Your assignment - Leave out the pictures and retype exactly the lines from the line with "SP Home Office" through the end of the listing below.

Material provided -
+===+

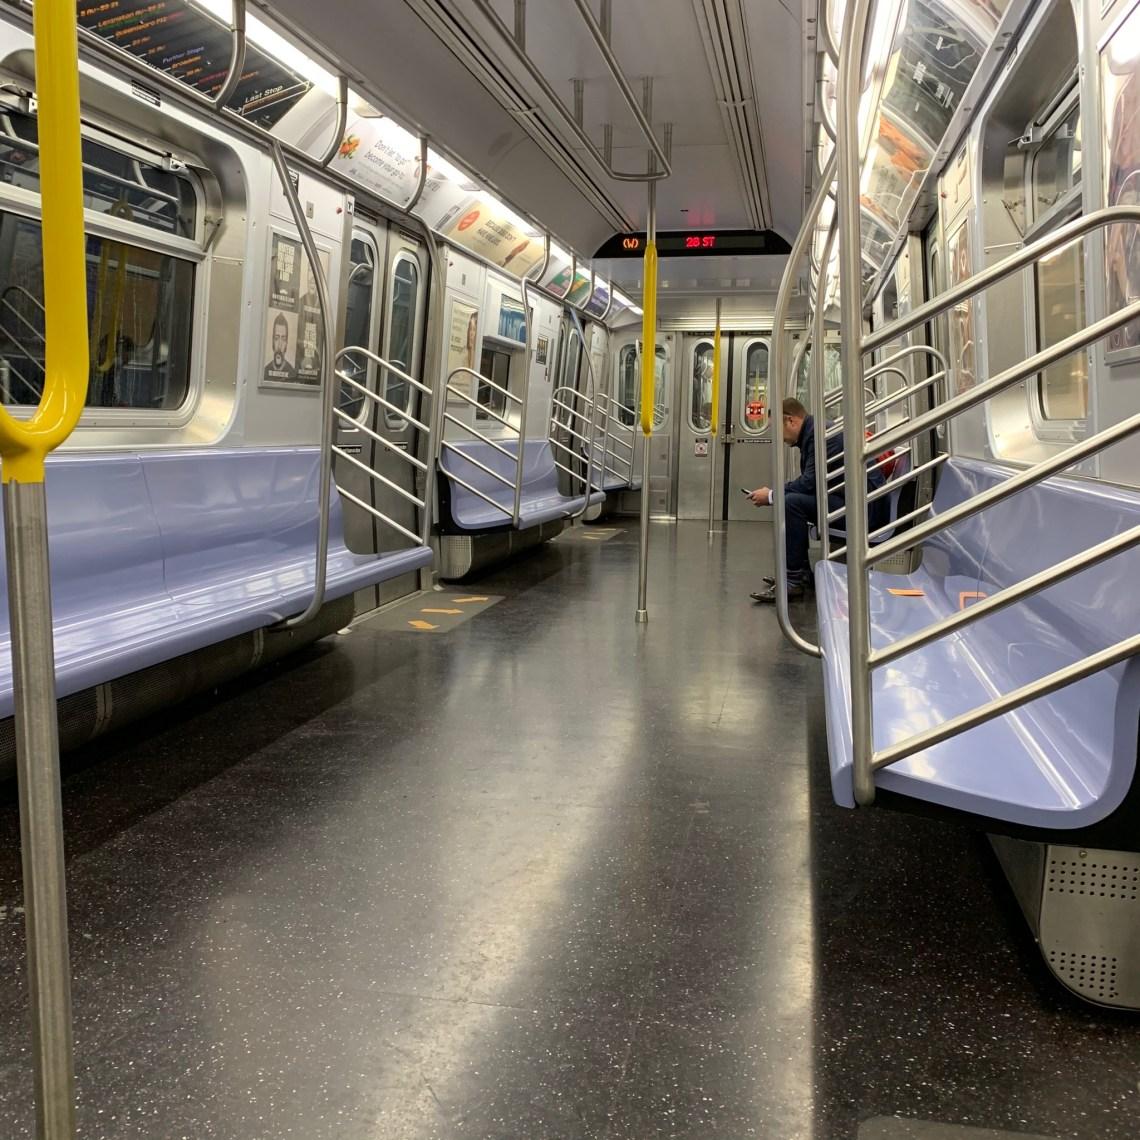 Vagone della metropolitana.
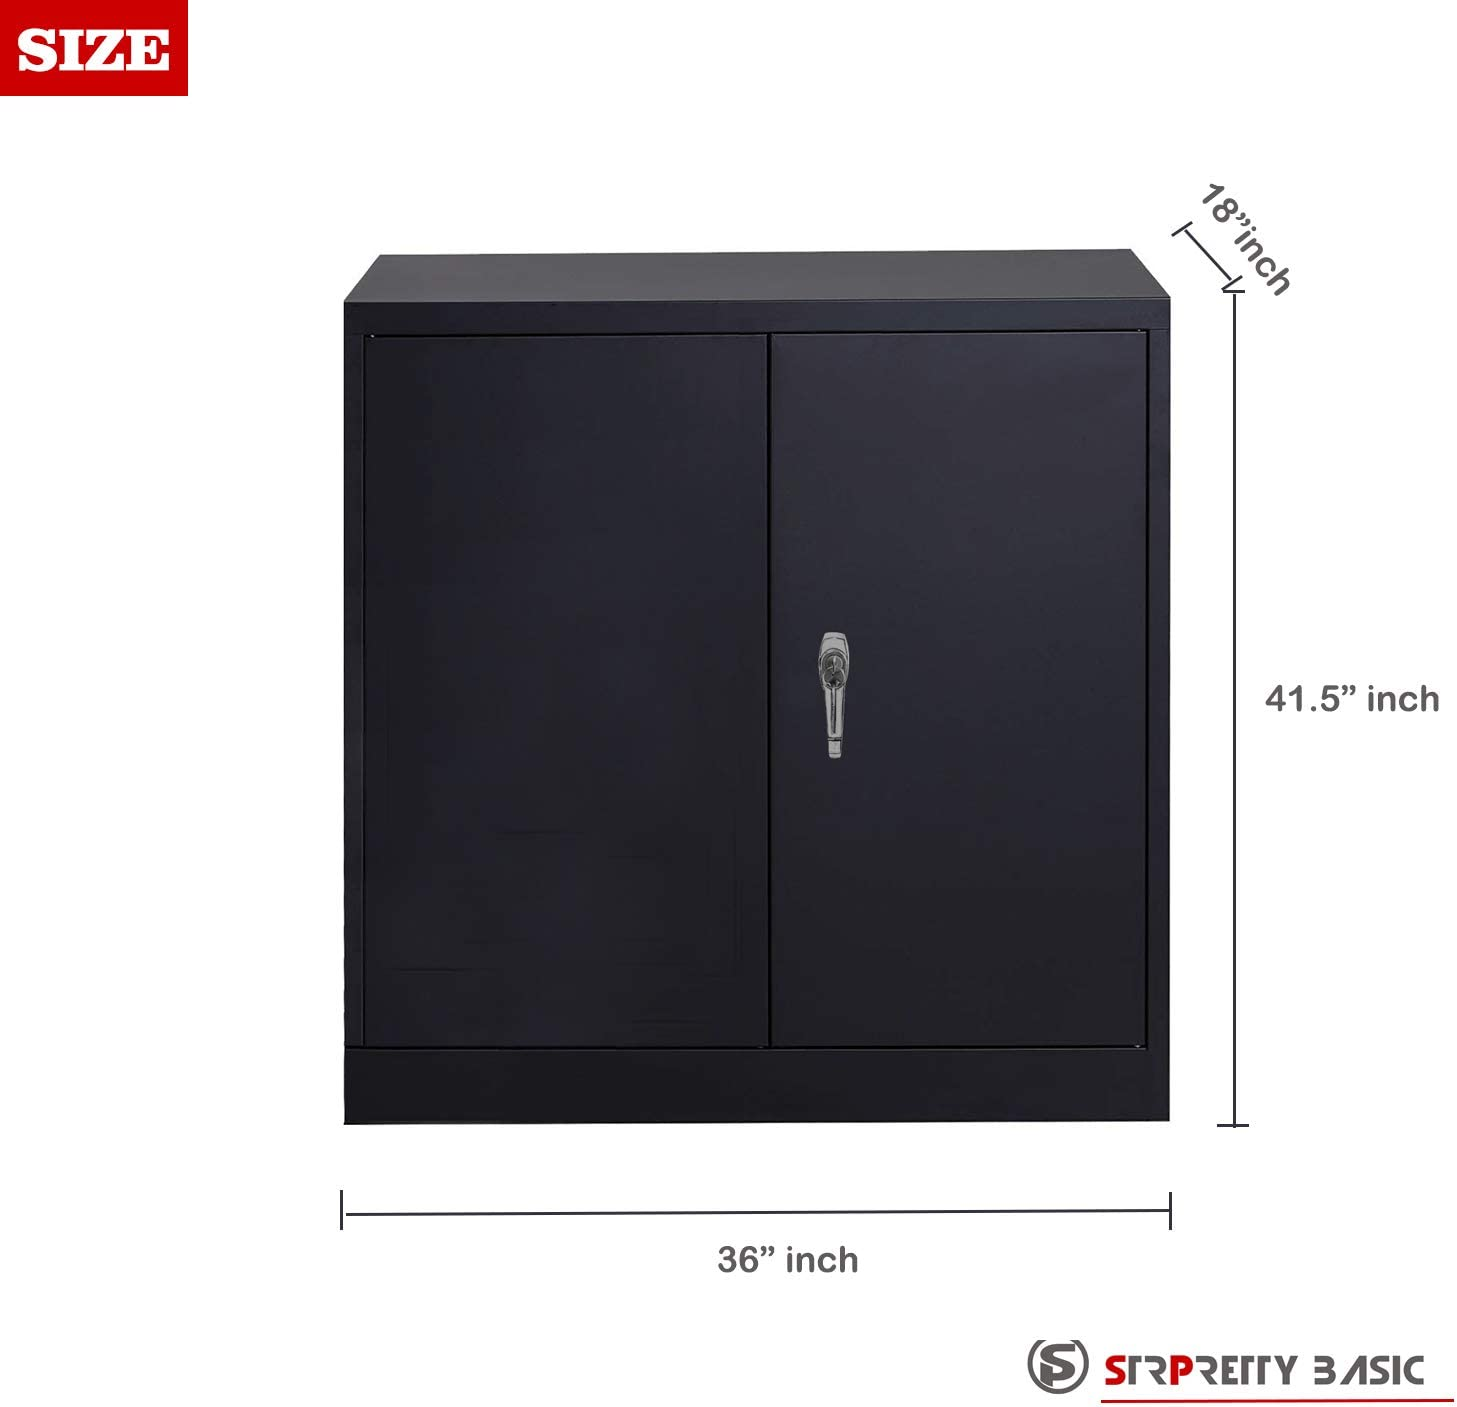 SP Home Office Storage Cabinet with 2 Adjustable Shelves Black Steel SnapIt Office Cabinet
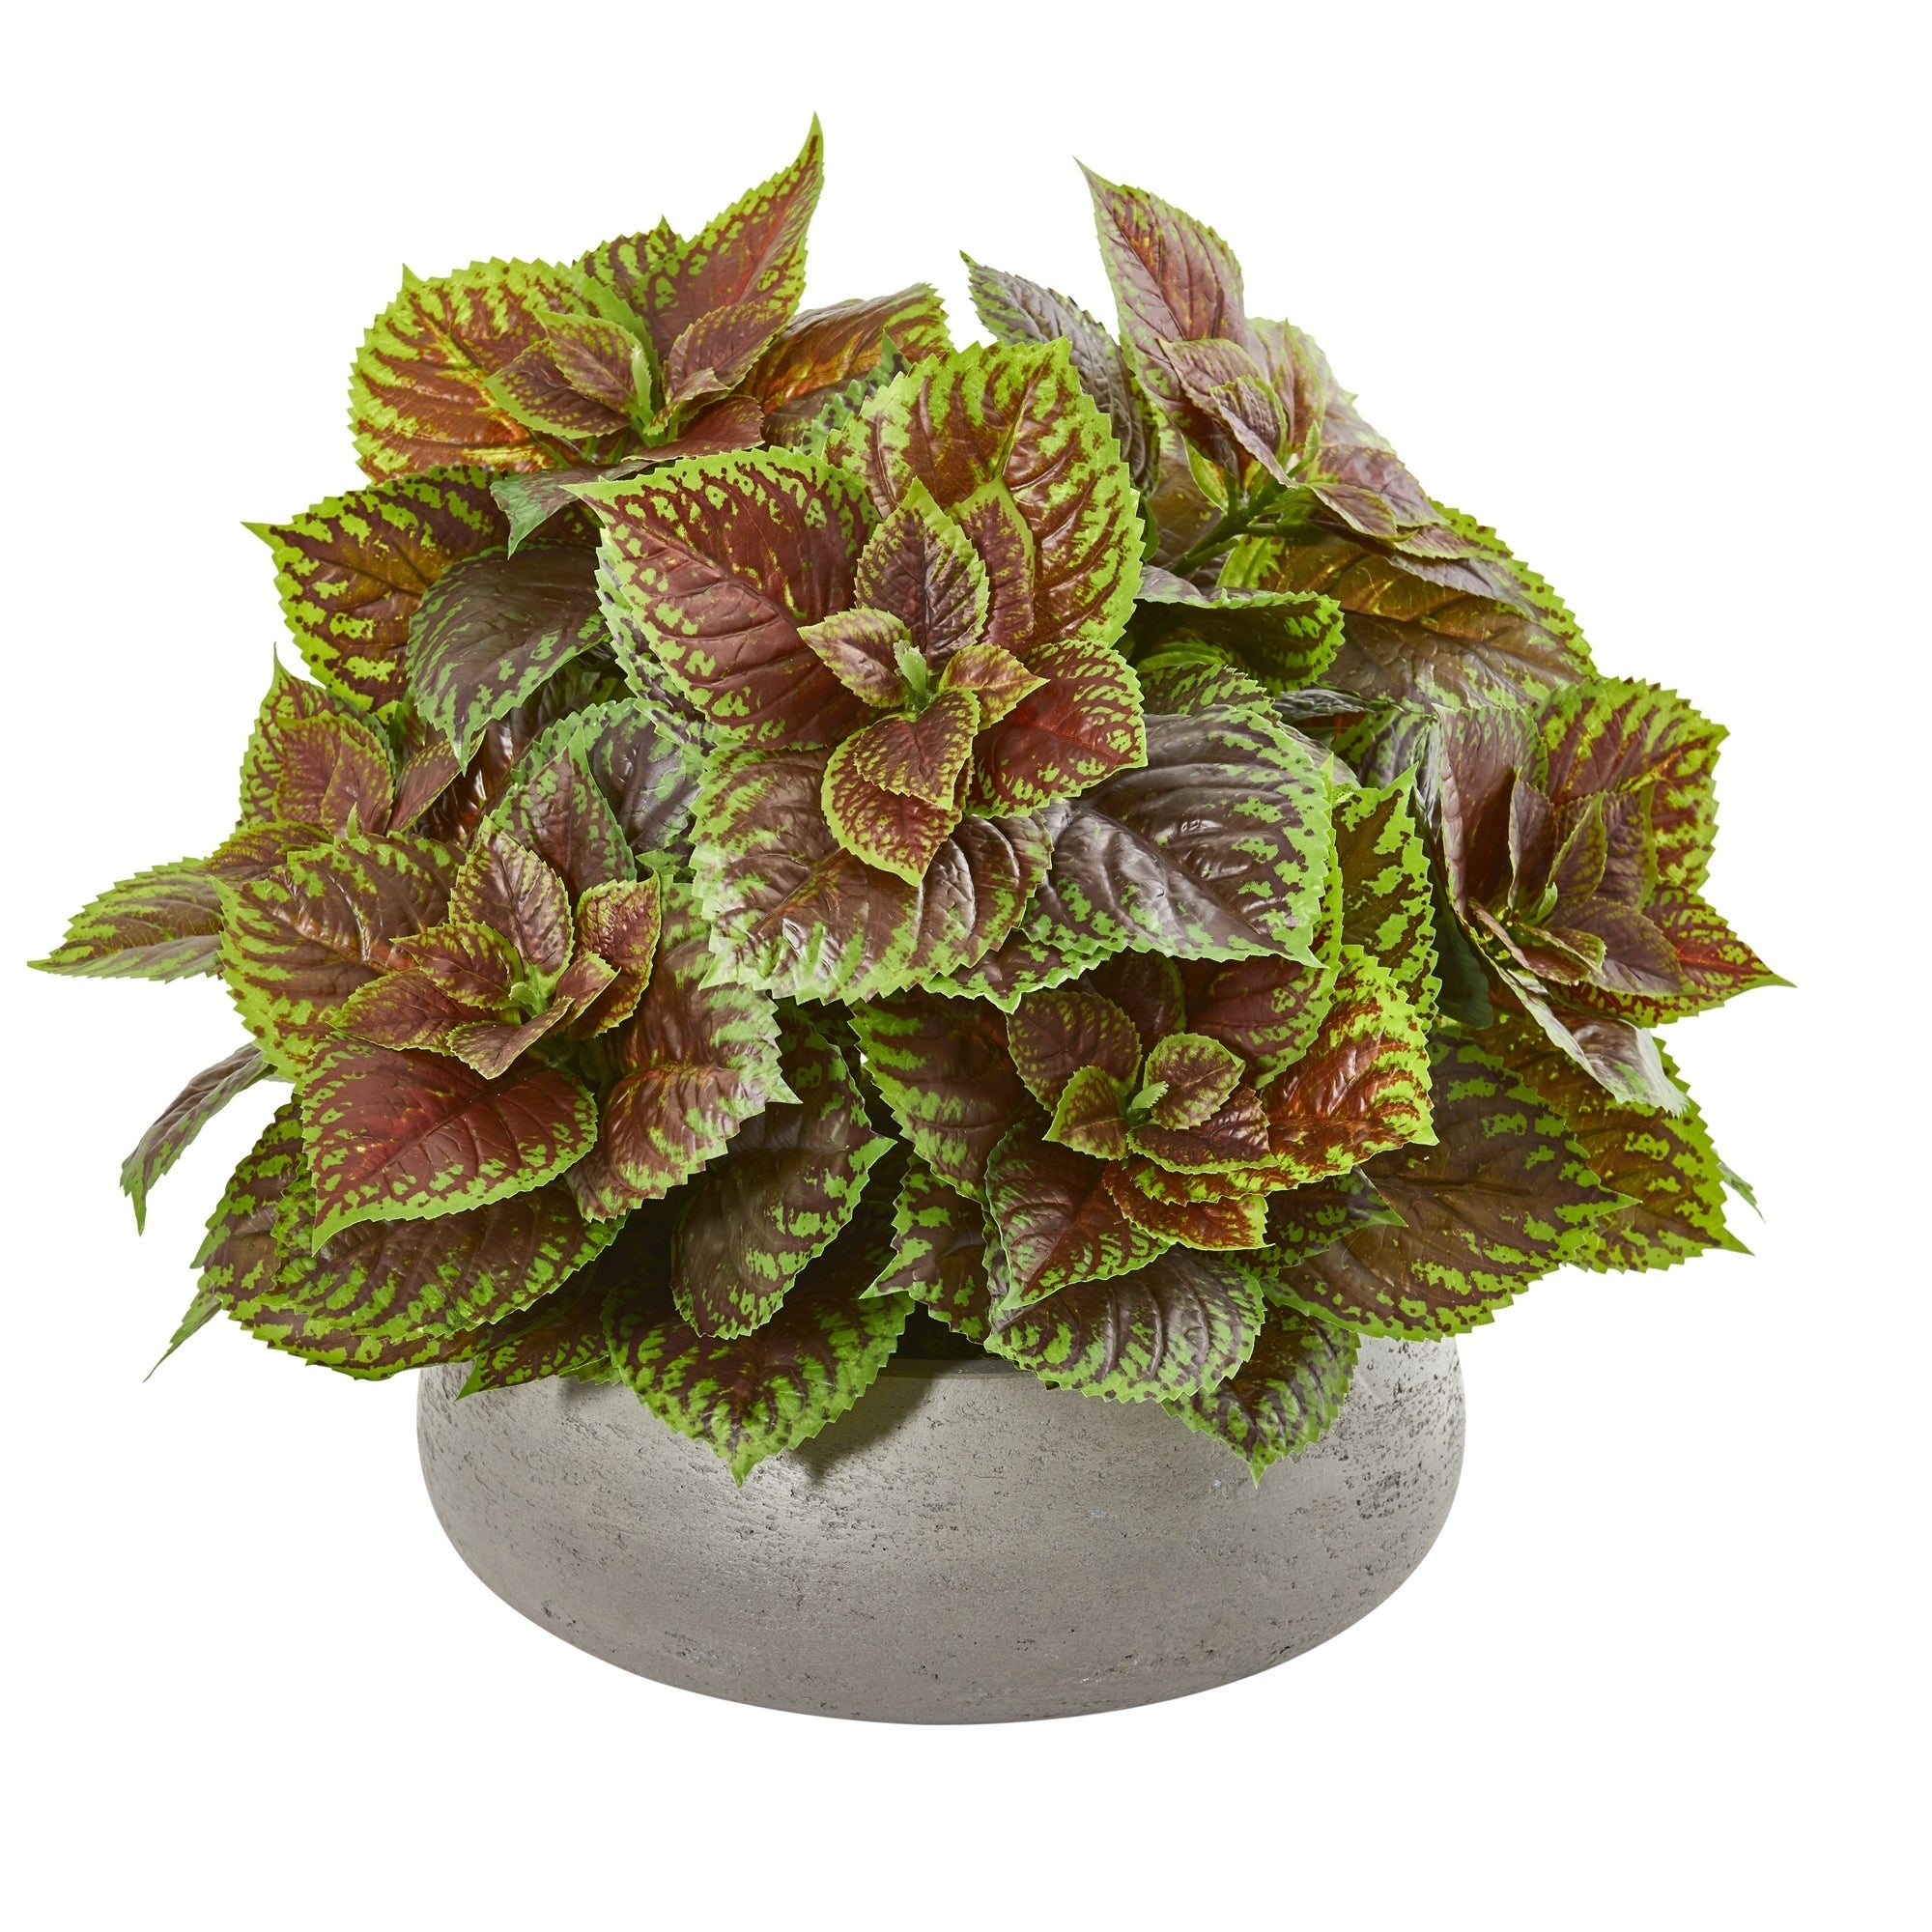 16 Coleus Artificial Plant in Decorative Planter (Real Touch)

+===+

Output -
 SP Home Office Storage Cabinet with 2 Adjustable Shelves Black Steel SnapIt Office Cabinet
 16 Coleus Artificial Plant in Decorative Planter (Real Touch)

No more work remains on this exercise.